Campagne pour les élections législatives en Tunisie: Des partis politiques mettent en garde contre le recours à l'argent sale

Publié par DK News le 17-10-2014, 17h13 | 32

Des partis politiques tunisiens ont mis en garde contre l'argent sale qui, selon eux, pèse sur la campagne pour les législatives prévues le 26 octobre en Tunisie à défaut de programmes correspondants aux attentes des électeurs.

Selon des médias, plusieurs partis politiques tunisiens se sont élevés contre le recours de certaines parties prenantes aux prochaines élections législatives à l'argent sale pour l'achat des consciences et des voix des électeurs.

Des partis, du courant laïc notamment, ont mis en garde contre ce comportement contraire aux règles du jeu électoral intègre. Le scrutin qui obéit à une telle pratique ne reflètera pas la volonté des électeurs tunisiens, ont-ils soutenu.

Le parti CPR (Congrès pour la République) s'est dit, dans un communiqué, préoccupé par le recours de certaines courants politiques à l'argent sale afin d'influer le cours du processus électoral en mettant à profit la situation précaire de larges pans de la société tunisienne.

Pour d'autres formations, l'exploitation de la pauvreté des gens pour l'achat de leurs voix est d'autant plus  répréhensible que le parlement et le gouvernement nés d'une telle pratique ne représentent pas la volonté populaire.

Le secrétaire général de l'Union pour la Tunisie, Samir Taieb a mis en garde contre un comportement étrange aux moeurs politiques et préjudiciable à la transition démocratique en Tunisie.

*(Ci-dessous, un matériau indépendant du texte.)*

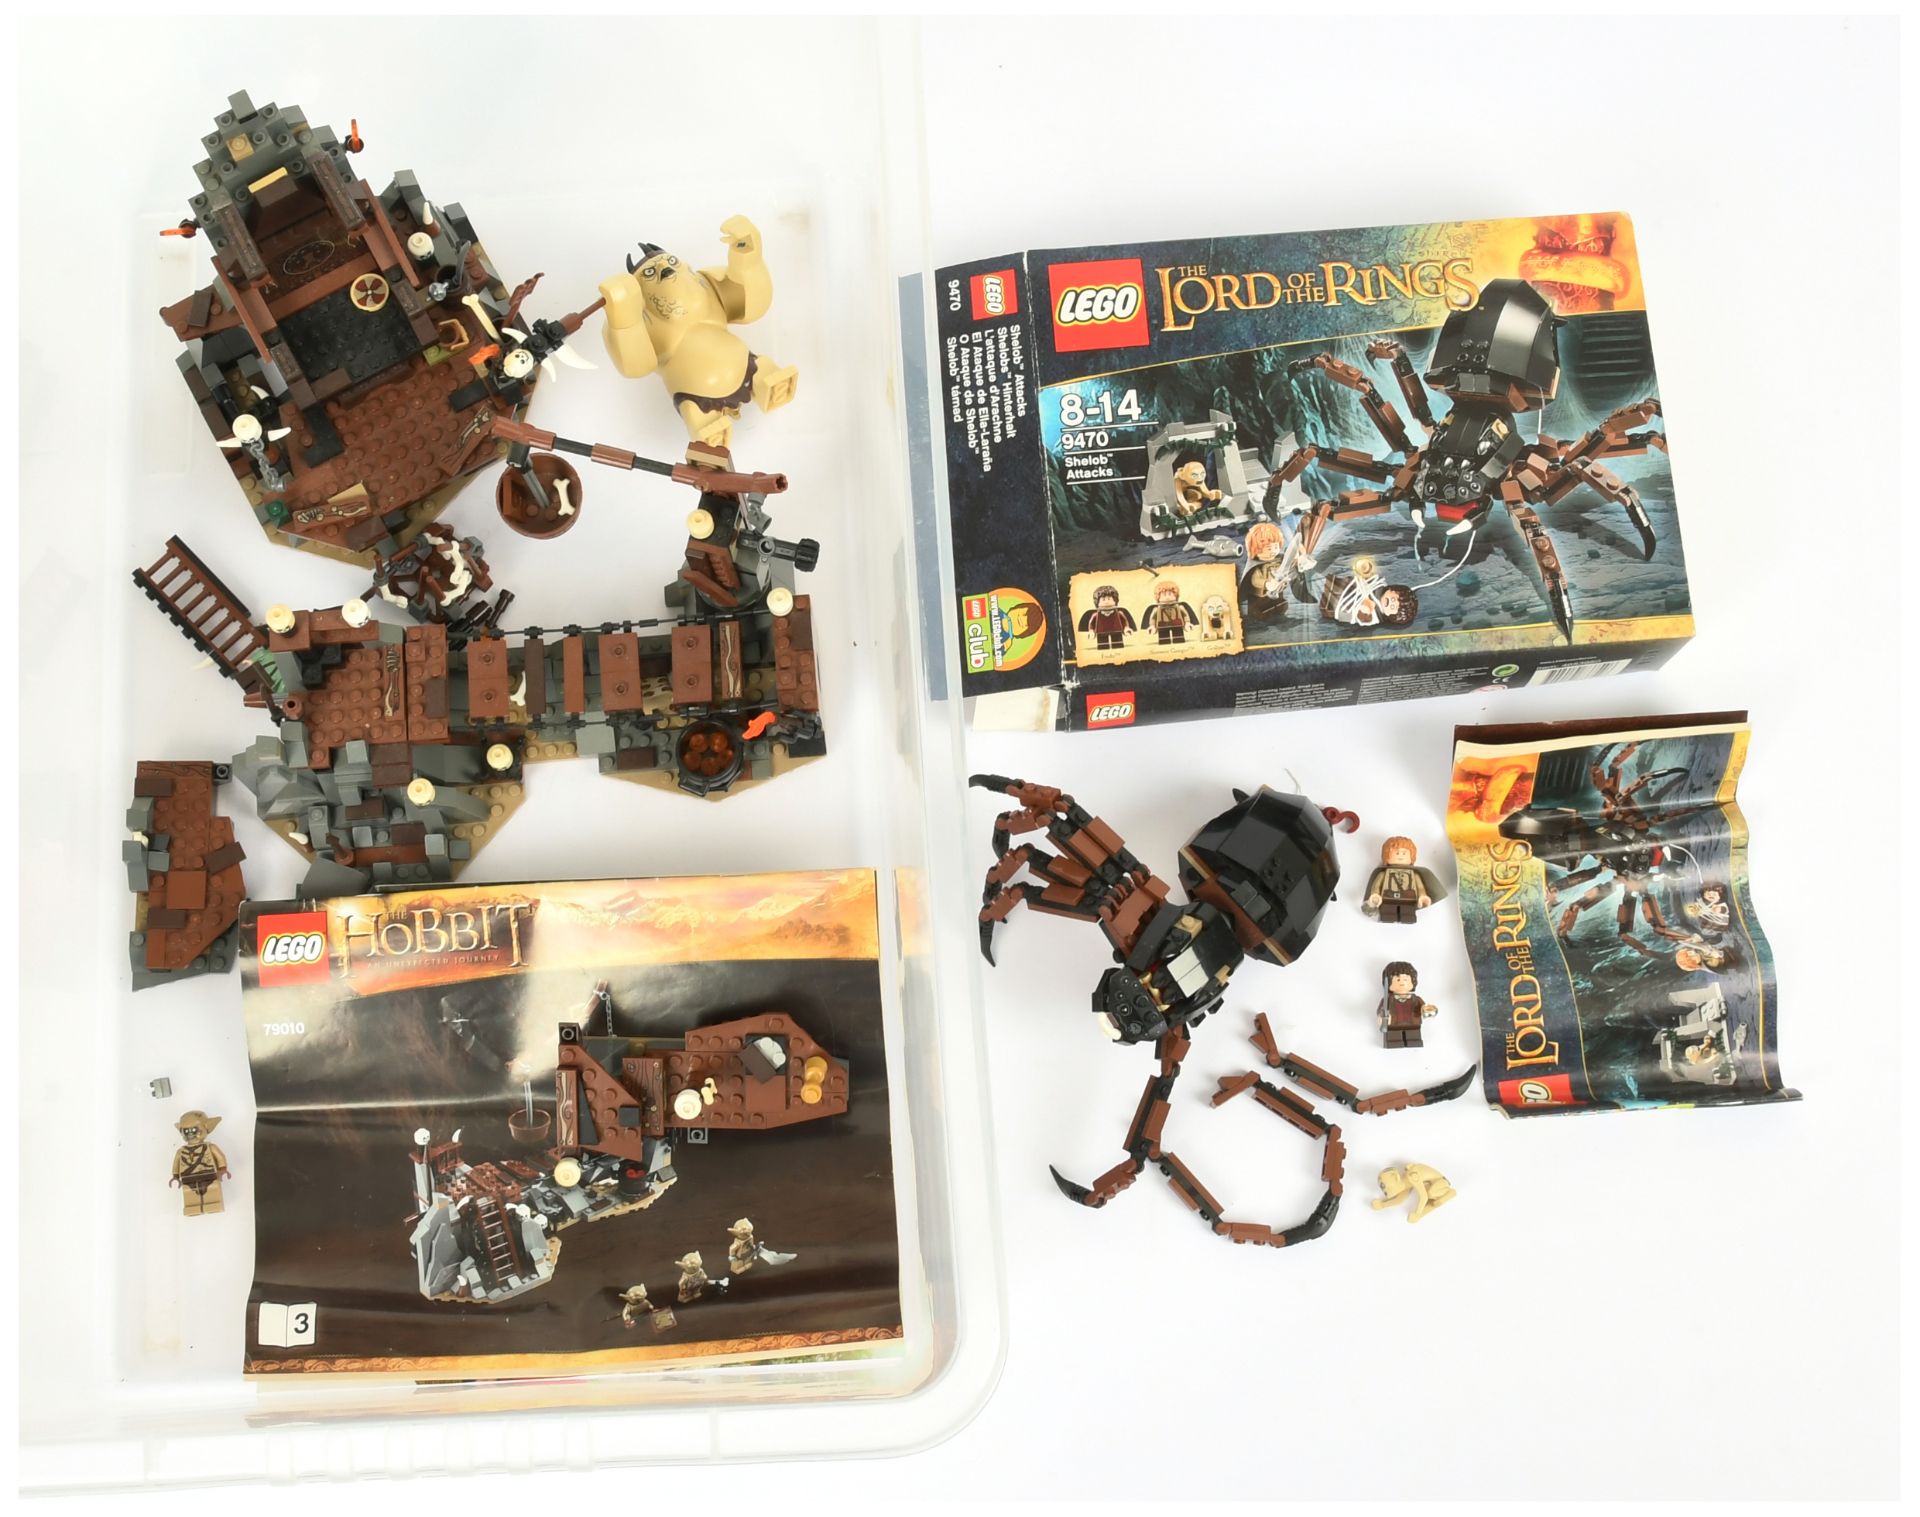 Lego Tolkien Pair (1) 9470 Lord Of The Rings - Shelob Attacks - built model, with box & instructi...

Même les citoyens ont réagi à cette réalité.

A Kebili, dans le sud tunisien,se sont indignés contre le recours à l'argent pour l'achat des voix de certains électeurs de la régions, notamment les plus démunis d'entre aux.

Les membres de l'observatoire national de surveillance des élections, (indépendant) ont estimé par la voix de la coordonnatrice de l'instance, Balkis Mechri, que le recours à l'argent illicite par plusieurs listes candidates risquait de compromettre le processus électoral.

Le recours à l'argent sale lors de la campagne électorale traduit l'échec des partis politiques à présenter des programmes correspondant aux attentes des citoyens, notent par ailleurs des observateurs D'autres y voient un procédé visant à influer sur l'action de l'institution législative notamment pour ce qui est de la promulgation de textes régissant la vie sociale.

Pour les hommes d'affaires, le parlement constitue l'espace idéal pour conclure des transactions et se rapprocher des sphère de la décision.

Il facilite également l'accès à l'immunité pour la couverture de plusieurs activités douteuse, estiment encore des analystes. Le président provisoire tunisien avait affirmé a l'issue du dépôt de son dossier de candidature à la présidentielle que l'argent sale menaçait, plus que le terrorisme, l'expérience démocratique en Tunisie appelant les Tunisiens à se dresser contre cette pratique qui entache la vie politique.

La campagne électorale pour les élections législatives a débuté le 04 octobre avec la participation de 1327 listes électorales briguant 217 sièges au parlement.